19.3.14

Duzentas

capítulo sexto


Depois de semanas de calor furioso, amanheceu um dia tristonho. A tempestade que caiu pesada durante a noite encheu o jardim de poças cuja lama o Major parecia empenhado em trazer, pouco a pouco com as patas sujas, até a varanda. Sem a atenção do dono, o velho vira-latas deu de zanzar perdido de um lado para o outro.
     Dona Dalva correu para tirar a leiteira que ferveu e transbordou no fogão. Encheu a caneca, decepcionada com o próprio relaxo, sentou-se à mesa, preparou sem vontade um sanduíche. Comia pão de forma porque a casa não tinha mais quem buscasse pão fresquinho todas as manhãs. Seu Jonas ainda dormia depois de trabalhar até os primeiros raios de sol rastejarem por baixo da porta da garagem. Flutuava sobre a casa um silêncio cansado.
     Quase hora do almoço foi que ele apareceu na cozinha atrás de algo para comer, a cara amassada, os olhos pequenos de quem não dormiu o tanto que deveria. Ela colocou um pratinho sobre a toalha plástica, buscou a garrafa térmica.
     Sem aviso, com a boca ainda cheia de pão com presunto, seu Jonas falou:
     – Terminei minha lista.
     ... e continuou mastigando, encurvado sobre a mesa. Dito do jeito que foi, o anúncio não soou como conquista, como um objetivo atingido depois de dias de busca febril, mas só como uma constatação indiferente, até meio derrotada. Do bolso da camisa ameaçava cair uma caderneta espiral.
     – Hoje mesmo, depois do almoço, começo a segunda parte do experimento. Vou continuar vivendo a vida normalmente, mas só posso usar essas palavras.
     “Vivendo normalmente”. Dona Dalva olhou para os galhos caídos na calçada, vestígios da chuvarada, e suspirou. As benditas duzentas. Maldita revista. Minha Nossa Senhora da Conceição. Pela primeira vez em quarenta anos de casamento, não sabia o que dizer.
Ficaram os dois sem saber como continuar conversa. Seu Jonas, raspando com as mãos as migalhas da toalha, parecia outra pessoa. Nesse espaço de dias, tornara-se calado, parecia até que as palavras lhe custavam alguma coisa. E algo, uma faísca nova, brilhava no fundo dos olhos cansados.
     Dona Dalva chacoalhou a cabeça para livrar-se desses pensamentos, ralhou com o Major que queria entrar com as patas enlameadas e, puxando o martelinho de baixo da pia, começou a cuidar dos bifes do almoço. O cachorro deitou-se para esperar que ganhasse um deles.
     Depois do almoço. Duzentas palavras. Homem dentro de casa não presta. Minha santa Rita.

* * *
Peço perdão pela demora em postar este capítulo. Estive, nos últimos dias, envolvido no lançamento da nova edição da Parênteses, uma revista literária, projeto bonito que estou tocando com muita gente talentosa. Fica a dica -e o link-, inclusive, para quem ainda não conheceu.
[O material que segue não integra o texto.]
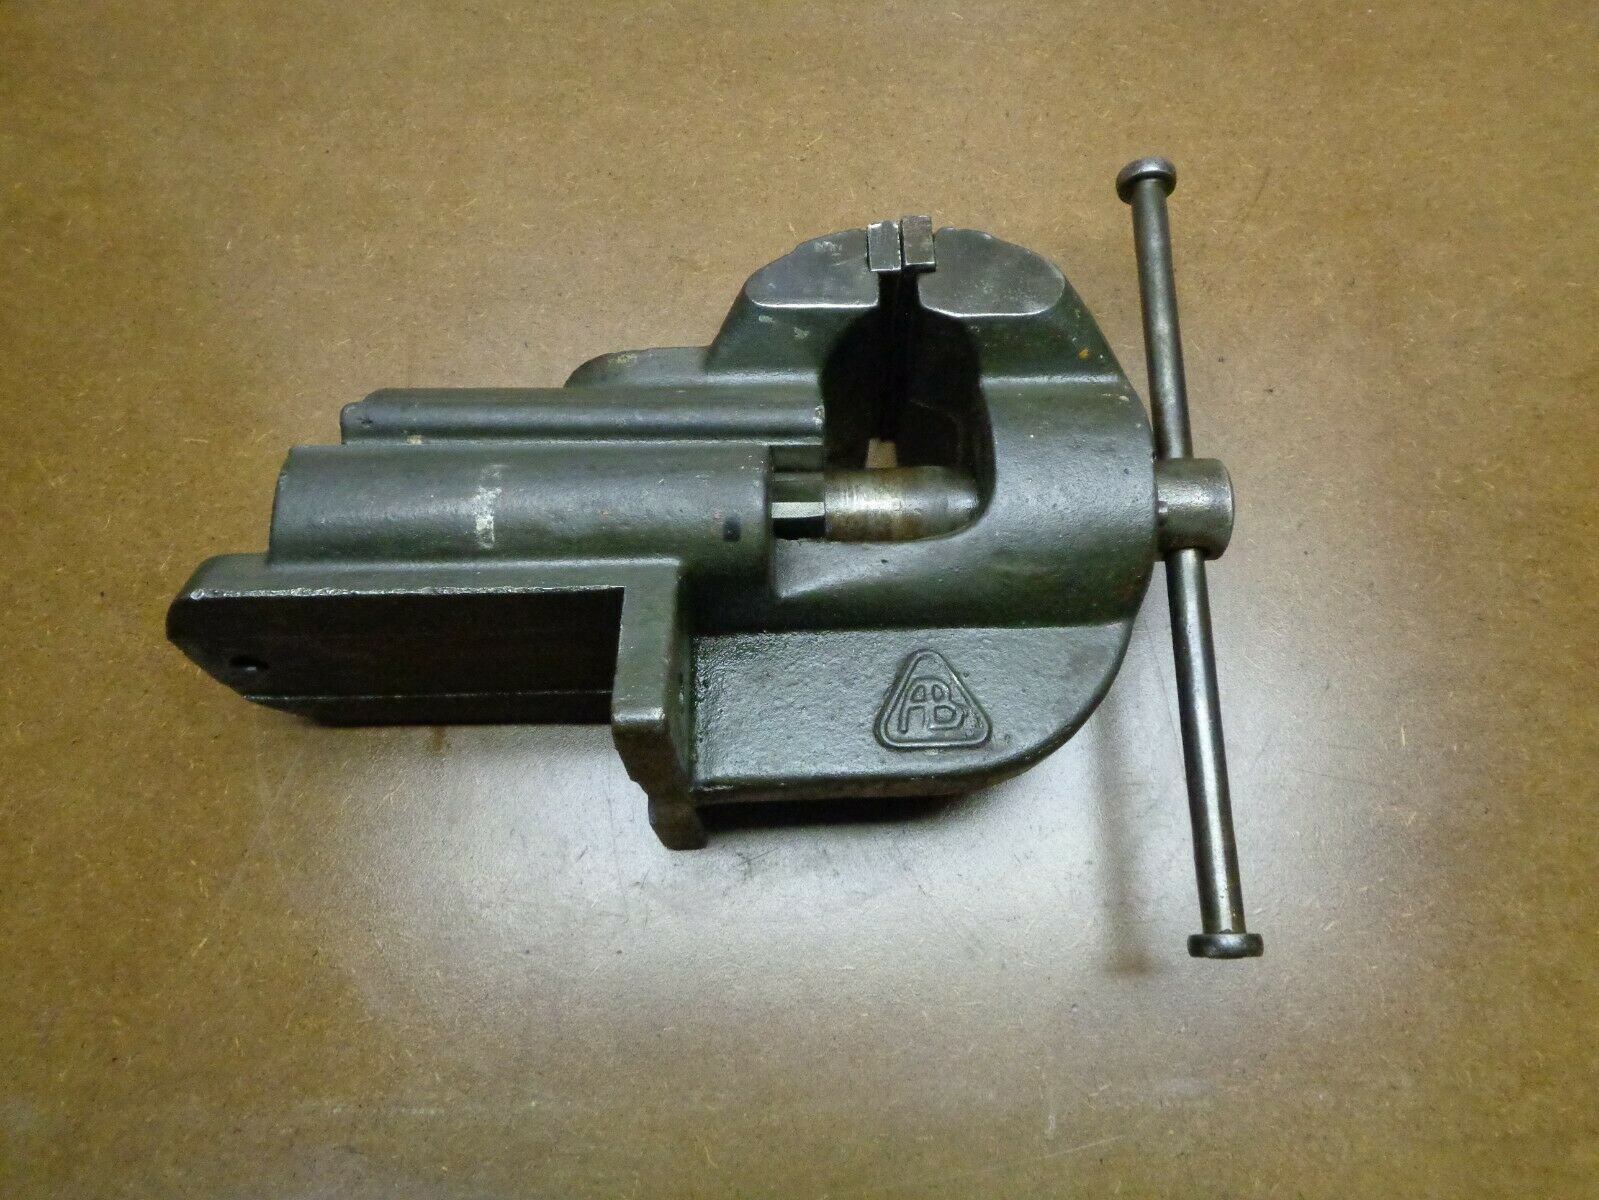 Alter Massiver Schraubstock  Spannweite 15cm Backenbreite 11,5cm-Gewicht 26.5Kg
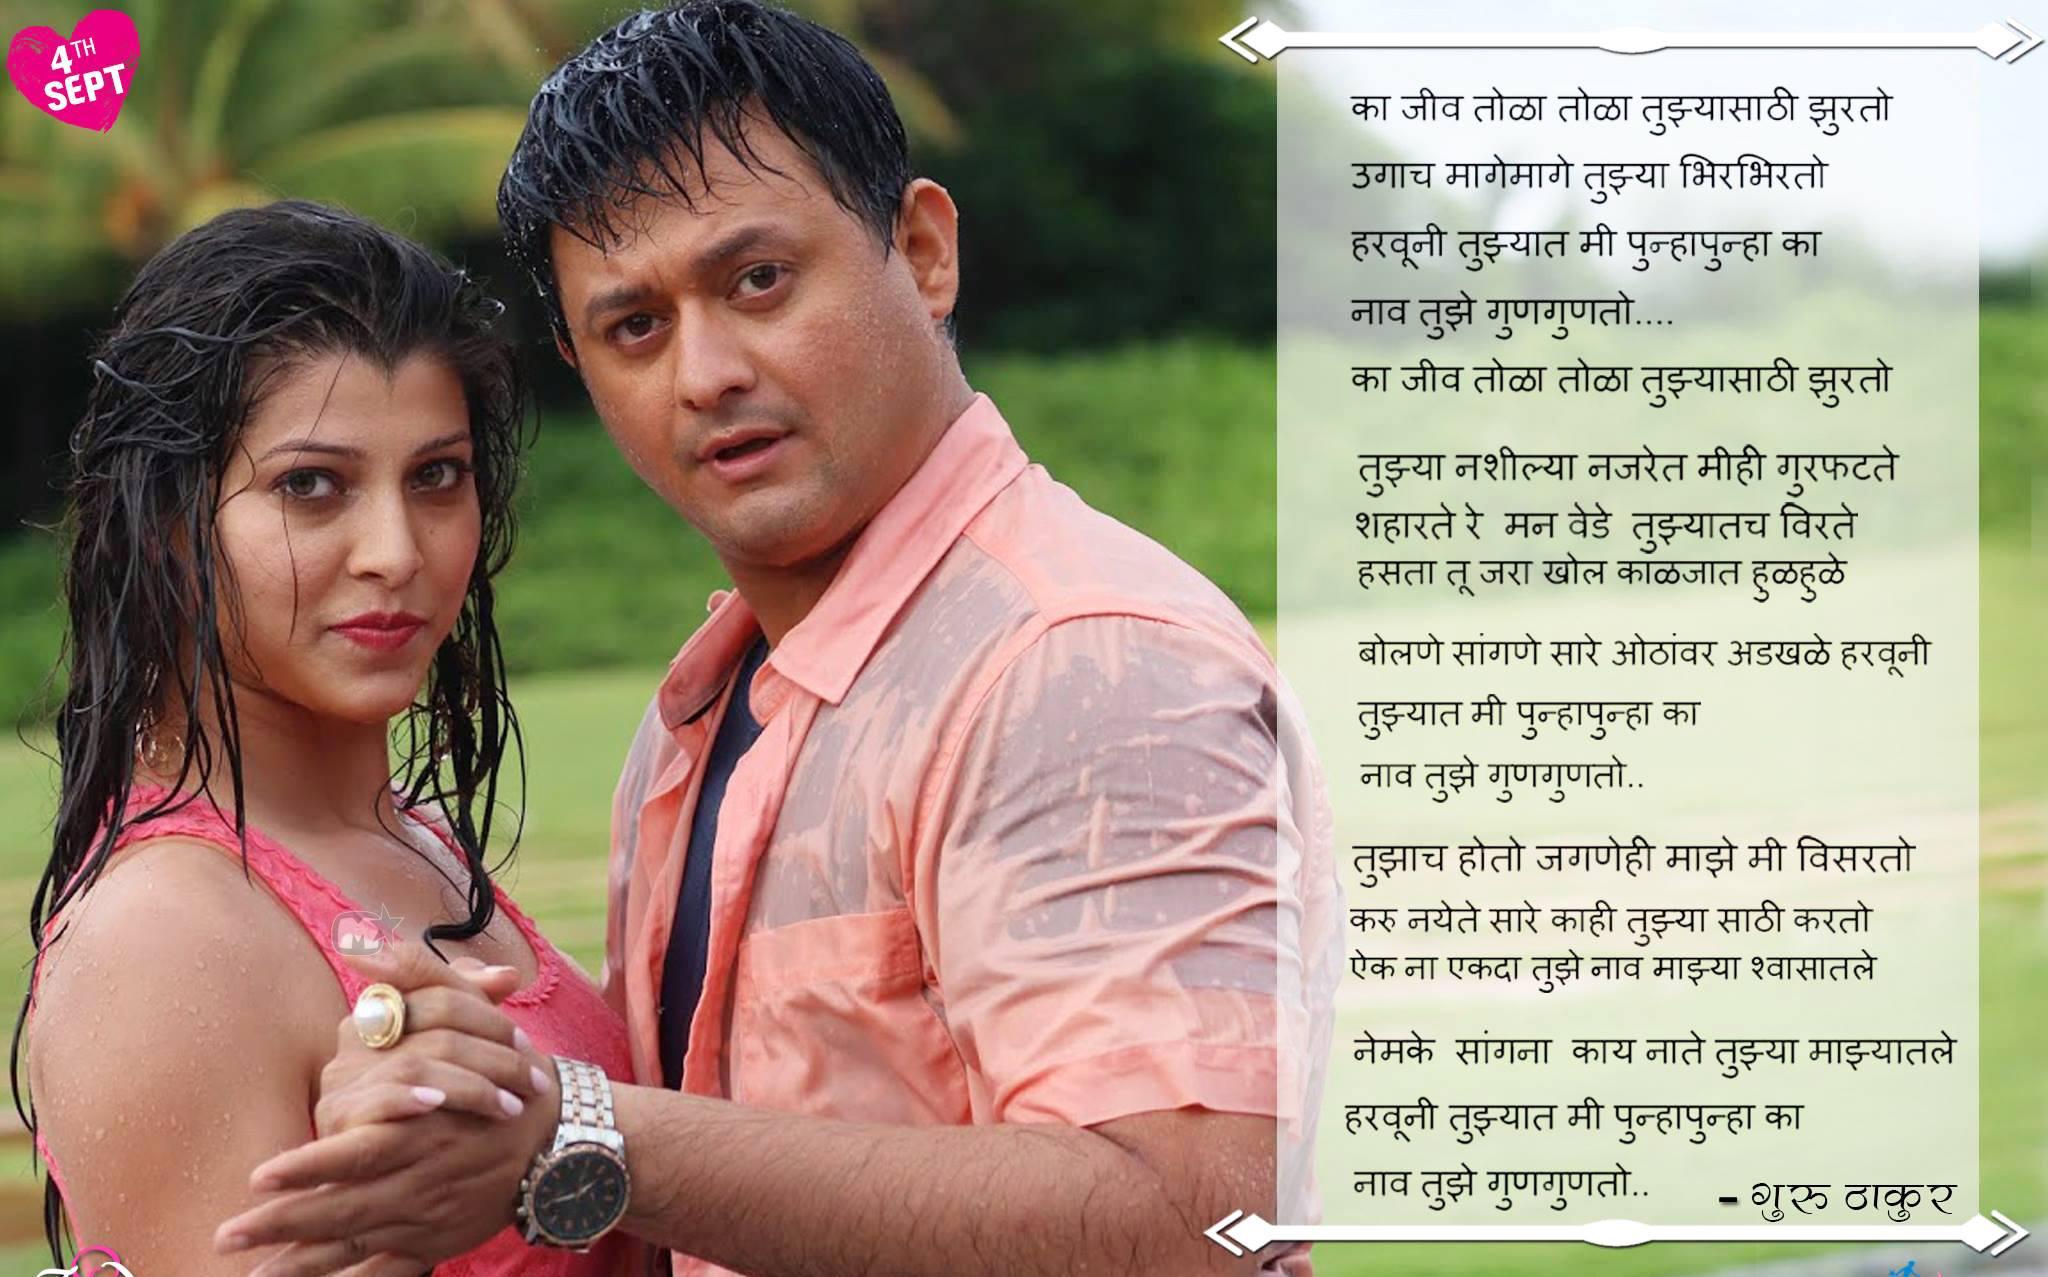 Marathi couple trying new styles - 2 9

E, ah!, faltam mais dois capítulos! Estamos quase, obrigado pela paciência ;)

3 comentários:

J. Messias disse...

Poxa, só mais dois capítulos??? Mas, vai ter muitas outras histórias depois, certo?

ex-amnésico disse...

Bonito layout, o da Parentesis.

Seu?

Juliana Canoura disse...

Ei, posta o resto da história! :)

Tão boa, que ela me pega nas esquinas do pensamento, vez ou outra, puxado por algum motivo bobo.